A Dra Jeanne McCaffery – da Universidade de Connecticut – abordou o tema. A pesquisa contou com a contribuição de sete estudos clínicos de intervenção: Look AHEAD, Programa de Prevenção de Diabetes (DPP), Estudo de Prevenção de Diabetes, DIETFITS e PrediMed Plus, – que contribuíram com dados de um ano – e NUGENOB e DiOGenes – que contribuíram com dados de oito a dez semanas.
A pesquisadora introduziu a discussão relatando que estudos de associação ampla do genoma (GWAS) identificaram loci genético associado a circunferência de cintura (CC) e relação cintura-quadril (RCQ) ajustados para índice de massa corporal (IMC).
Em análises de randomização mendeliana, marcadores genéticos relacionados a índices (CC e RCQ) mais altos foram associados com diabetes tipo 2, doença cardiovascular e certos tipos de câncer supondo potencial relação causal entre eles.
É bem estabelecido que intervenções de estilo de vida (IEV) envolvendo restrição calórica e atividade física frequentemente promovem perda de peso reduzem CC e RCQ comparado ao controle.
No DPP a redução da CC mediou 75% do impacto da IEV na incidência de diabetes nos anos 1 ao 5. No Look AHEAD, redução na CC foi mais fortemente relacionada a morbidade cardiovascular e mortalidade que mudança no peso.
A proposta desse estudo foi avaliar se escores poligênicos (EP), compreendendo 59 polimorfismos de nucleotídeo único (SNPs) associados com CC ou RCQ ajustados para IMC em GWAS prévios, predizem a magnitude da mudança de CC e RCQ em dois momentos da IEV: 8-10 semanas e 1 ano.
Trazendo os resultados de forma simplificada, pode-se dizer que quanto maior a presença de alelos de risco no escore poligênico, maior a CC em um ano. Os resultados sugerem que EP são responsáveis por até 0,80cm de diferença nas medidas em participantes brancos, e talvez até 3cm em mulheres afro-americanas.
Portanto, espera-se menor resposta à intervenção de estilo de vida e menor benefício clínico em EP mais alto. Os efeitos da genética parecem relativamente pequenos comparados com os benefícios das intervenções de estilo de vida para a redução da adiposidade central.

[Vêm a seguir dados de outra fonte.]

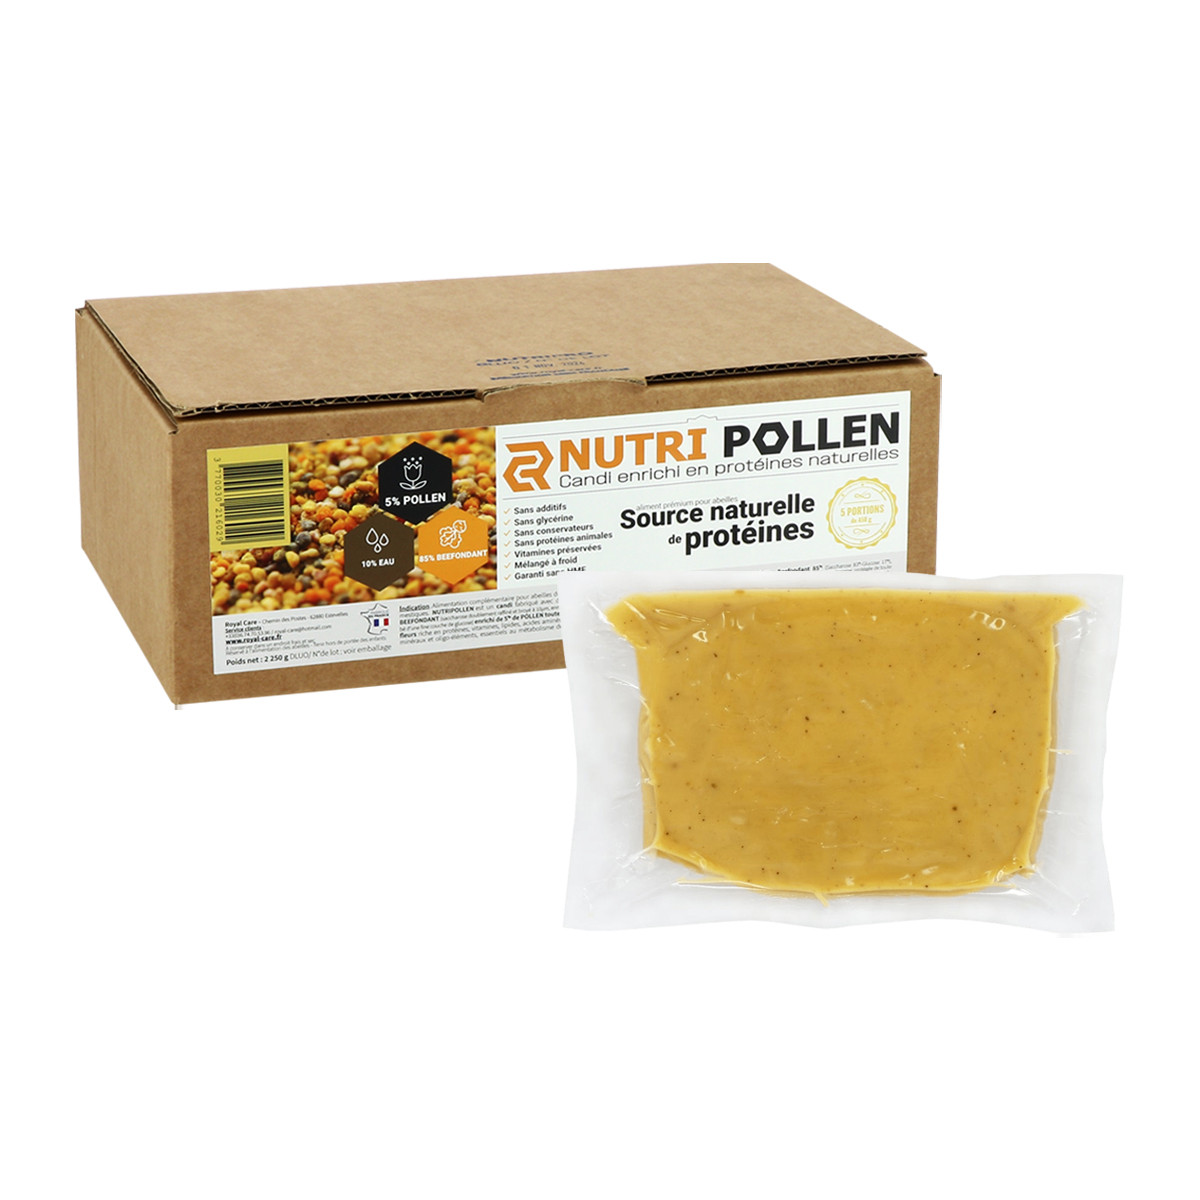 Candi Nutri Pollen 5% - Carton de 5 plaques de 450g

Esses resultados podem ajudar a definir as vias moleculares pelas quais a intervenção no estilo de vida afeta a adiposidade central.
2. Impacto da dieta ovo-lacto-vegetariana e nórdica no metabolismo da glicose: um estudo de intervenção humana. Por Hanna Huber da Universidade de Bonn.
Estudos epidemiológicos recentes indicam que a chamada dieta ‘Nórdica’ (rica em frutas vermelhas, peixes e nozes) e a dieta vegetariana melhoram o metabolismo da glicose, reduzindo o risco de desenvolvimento de diabetes em comparação com a dieta ‘Ocidental’. Estudos controlados de intervenção de longo prazo para investigar essa relação são difíceis de conduzir. Estudos de intervenção de curto e médio prazo poderiam evidenciar efeitos e mecanismos subjacentes dos diferentes modelos dietéticos.
Foi então realizado um estudo que avaliou os efeitos da dieta nórdica ou vegetariana no metabolismo da glicose em indivíduos com síndrome metabólica comparando-se com a dieta Ocidental.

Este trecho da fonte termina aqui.